她照例在去陆沉公寓的地铁上刷手机,准备看一眼今天的行程表。解锁屏幕的一瞬间,通知栏挤满了消息——微博推送、微信未读、甚至还有几条陌生号码的短信。她的拇指悬在屏幕上空,心跳在那一秒里凭空快了两拍。
出事了。
她点开微博。热搜榜第七位:#陆沉耍大牌#。第十一位:#陆沉助理打粉丝#。
苏晚盯着那行字看了整整五秒。地铁车厢在隧道里呼啸而过,车窗外的灯光一闪一闪地打在她脸上。她深吸一口气,点进话题。
最上面是一条微博,发布时间是凌晨三点四十七分。发帖人的ID她认识——“沉星守护站”,林姐给她的私生饭黑名单上的常客,在粉圈以跟踪和骚扰闻名。配图是昨晚巷子里的照片——昏暗的路灯下,陆沉站在苏晚前面,苏晚只露出半个肩膀。拍摄角度很刁钻,故意把苏晚伸出来阻挡的手拍成了“推搡”的姿势,而陆沉冷着脸说“滚”的瞬间,被定格成了一个“耍大牌辱骂粉丝”的铁证。
配文只有几行字,但每一个字都是刀:
“喜欢陆沉三年了,昨晚好不容易见到他,只是想合个影。他的助理上来就推我,指甲都掐进我胳膊里了。陆沉不但不制止,还让我滚。这就是你们喜欢的影帝吗?#陆沉耍大牌##陆沉助理打粉丝#”
评论区已经炸了。
“不是吧??陆沉不是一直立的人品好敬业人设吗?”
“助理打人?这什么团队素质?”
“有图有真相,粉丝只是想合影而已,至于吗?”
“等工作室回应,不站队,但如果是真的真的很失望。”
“对家趁机下水军了吧?这图角度也太故意了。”
“就算私生不对,也不能骂人啊,公众人物要注意影响。”
苏晚一条一条往下翻。前排的评论已经被水军和路人占领,CP粉和陆沉的事业粉在拼命控评,但寡不敌众。更糟糕的是,有几家营销号已经开始联动,用的标题一个比一个耸动——“陆沉翻车?影帝深夜辱骂粉丝现场图曝光”、“助理动手影帝动口,顶流的素质在哪里”。

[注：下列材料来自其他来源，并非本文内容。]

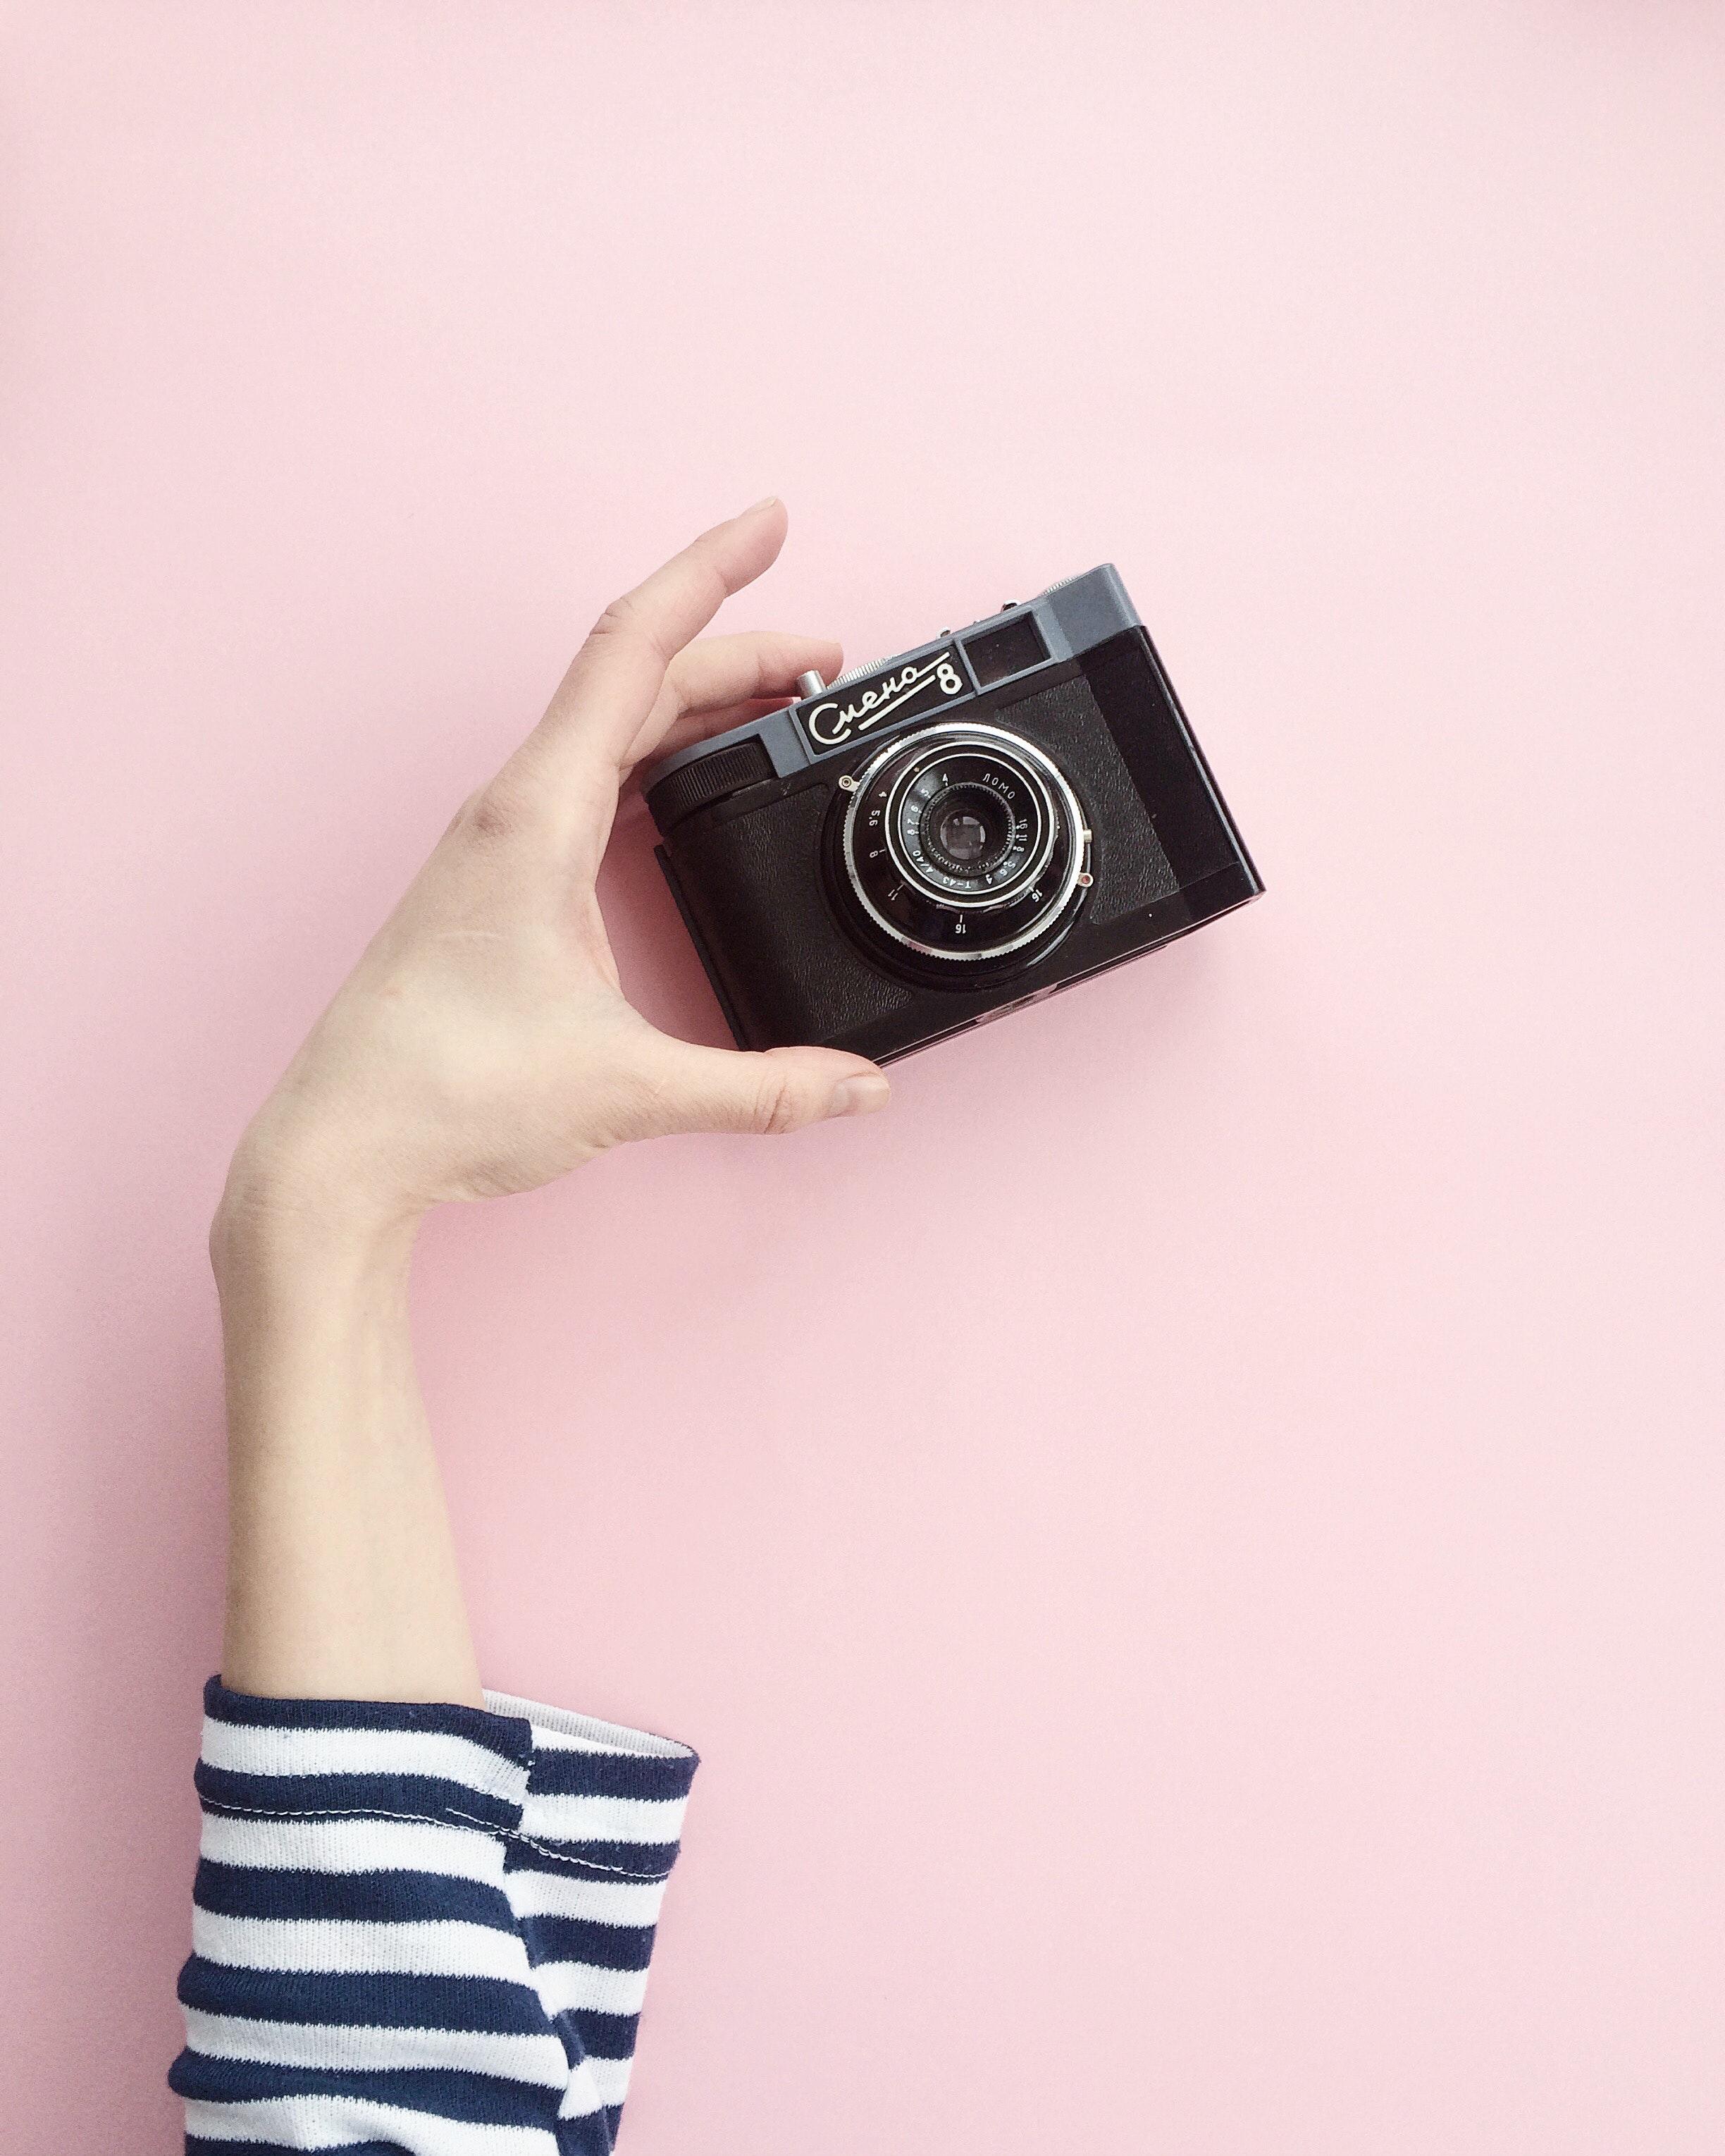 aperture-camera-classic-1030928.jpg

对家下水军了。苏晚能闻出来那种味道——评论区的措辞太统一了,“耍大牌”这个词在同一分钟内出现了十几次,明显是有组织的。陆沉的对家不少,最近他新片票房大爆,挡了太多人的路。昨晚的私生事件只是一个火星,有人早就在地上泼好了油,就等着这颗火星掉下来。
地铁到站了。苏晚把手机揣进口袋,跑出车厢。她的手臂上还贴着昨晚陆沉帮她贴的创可贴,跑起来的时候创可贴的边缘蹭到背包带子,有一点点疼。她顾不上。她脑子里只有一个念头:到公寓去。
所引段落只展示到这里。